◆ **Data provided**
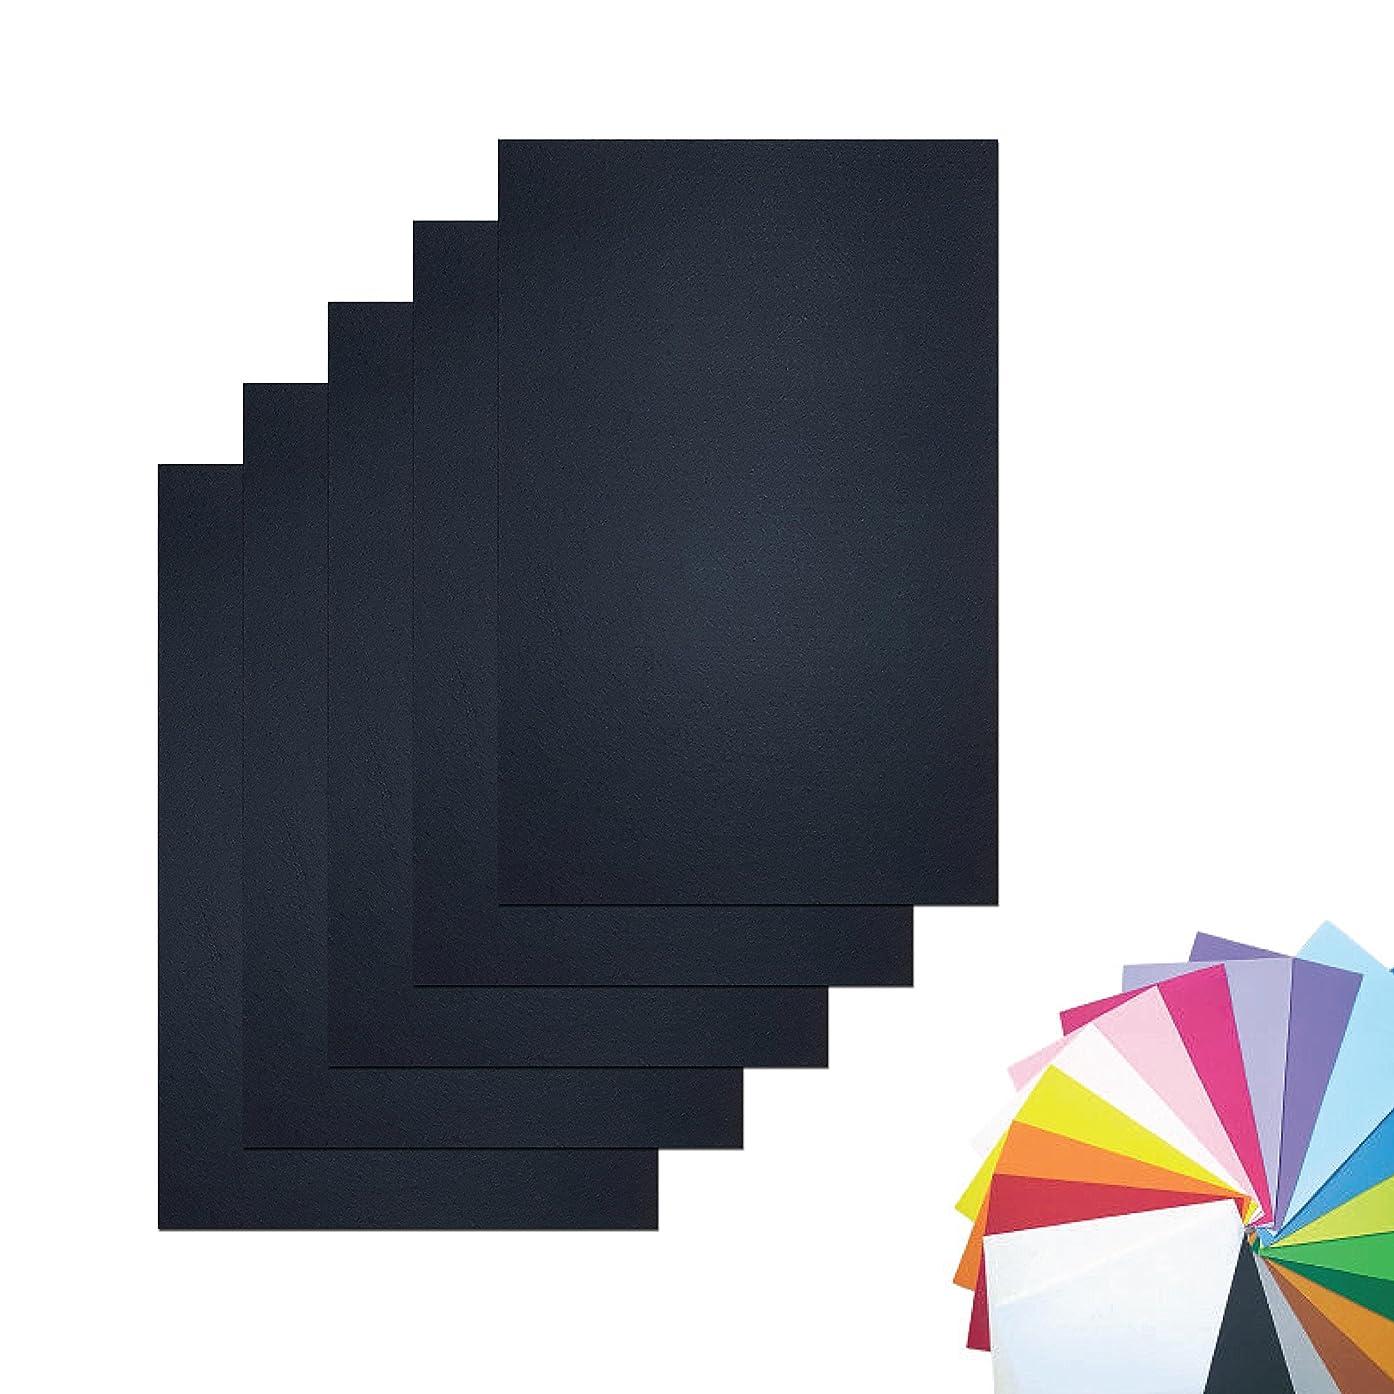 DIY Stiff Felt(Hard Felt) Fabric Squares Sheets Black Color 30cm X 45cm inch for Crafts,1.2mm Thick- Black Color of 5sheets
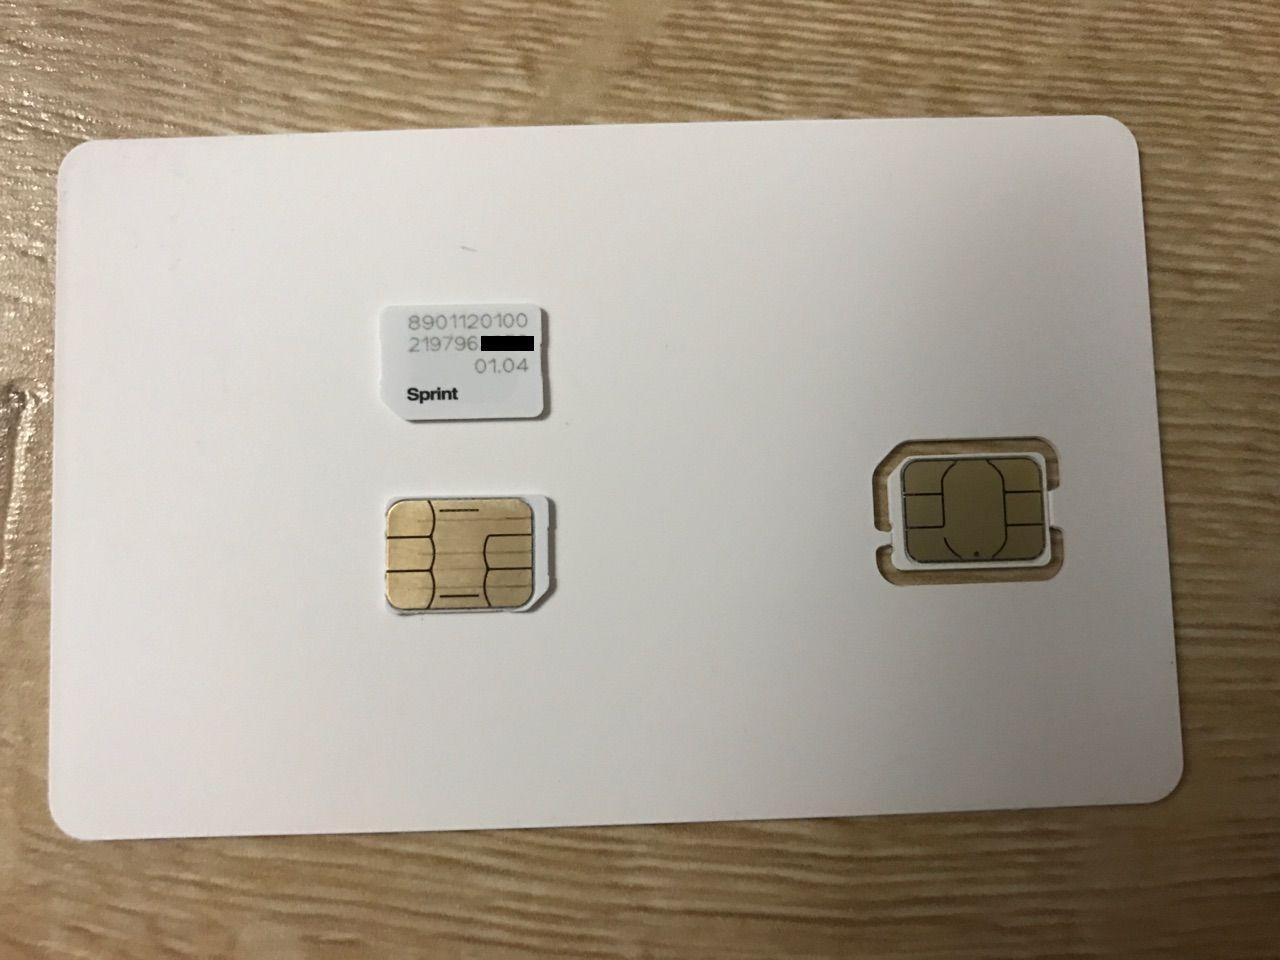 TELLO Sprint Boost Virgin Mobile Nano Sim Card Part SIMGLW43
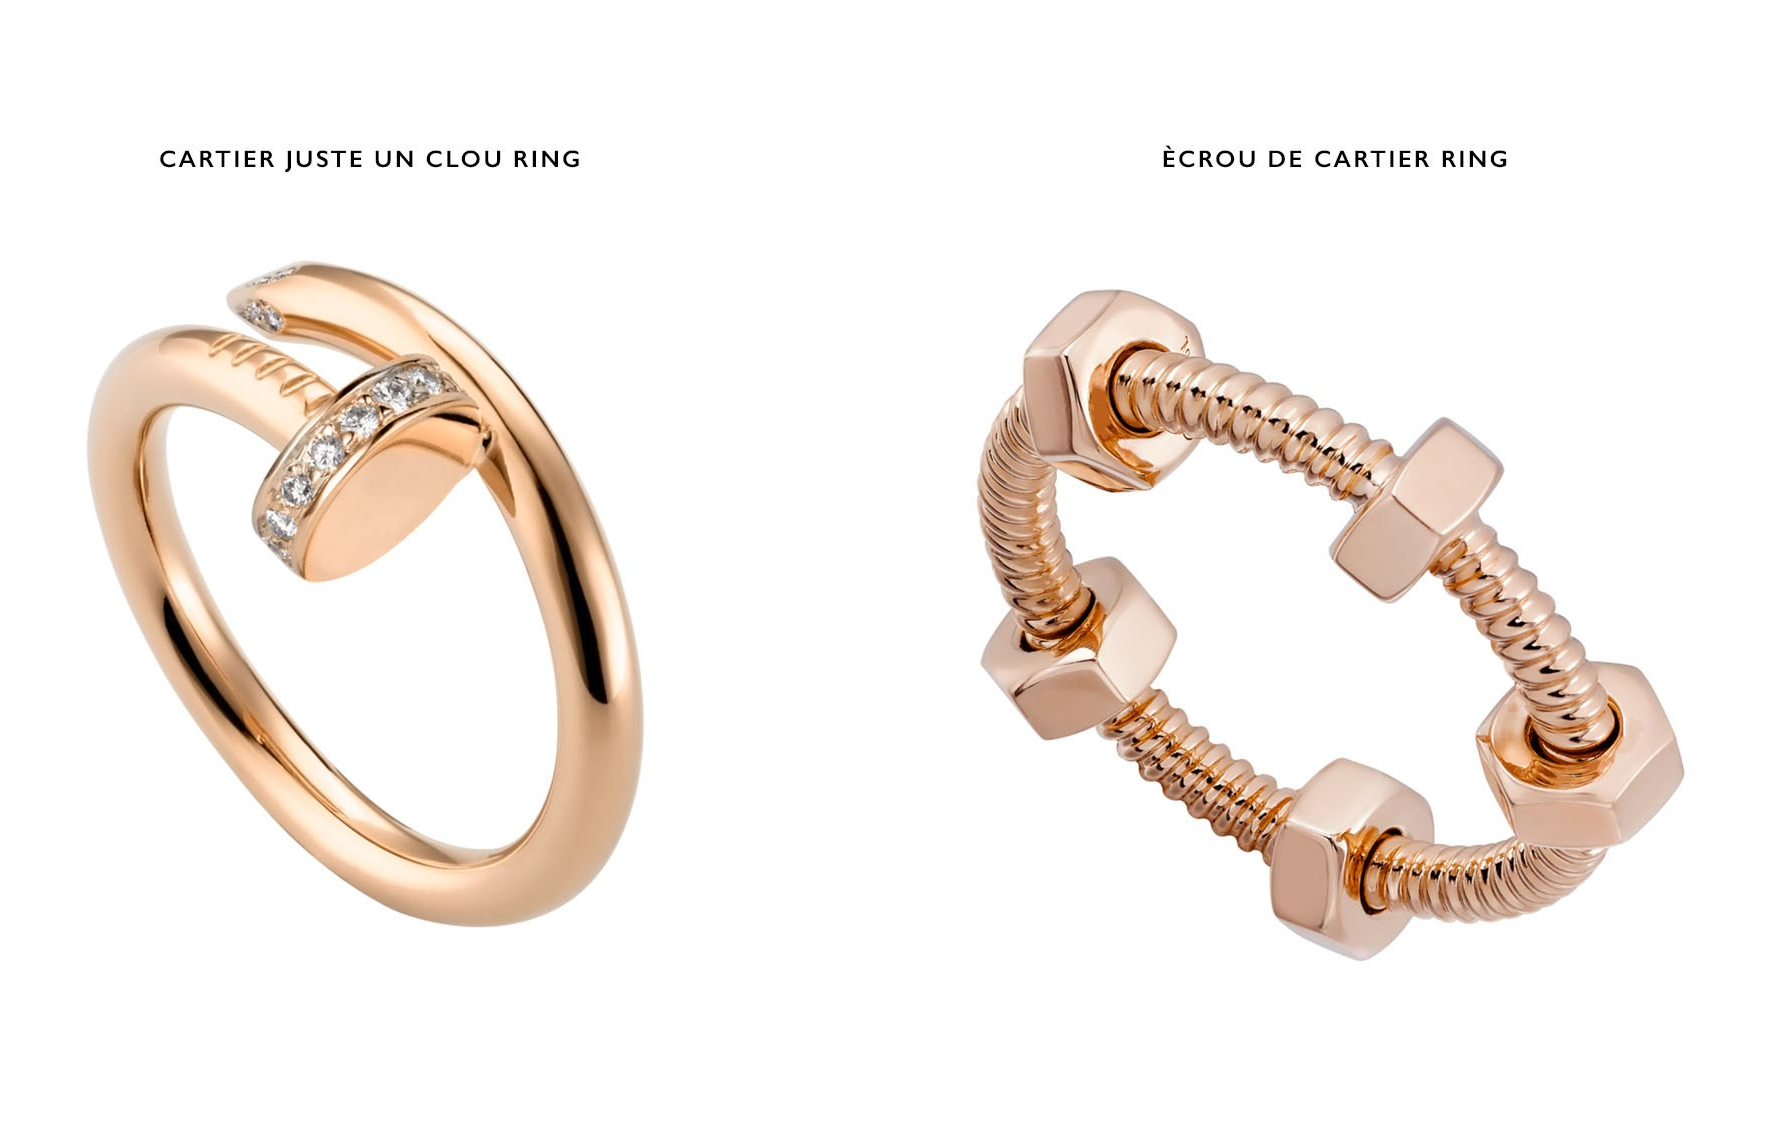 Cartier Juste Un Clou and Ecrou de Cartier Rings

◆ **Your assignment**
In your copy of the material, match every word exactly and include no pictures.

◆ **Worked solution**
 DIY Stiff Felt(Hard Felt) Fabric Squares Sheets Black Color 30cm X 45cm inch for Crafts,1.2mm Thick- Black Color of 5sheets
 TELLO Sprint Boost Virgin Mobile Nano Sim Card Part SIMGLW43
 Cartier Juste Un Clou and Ecrou de Cartier Rings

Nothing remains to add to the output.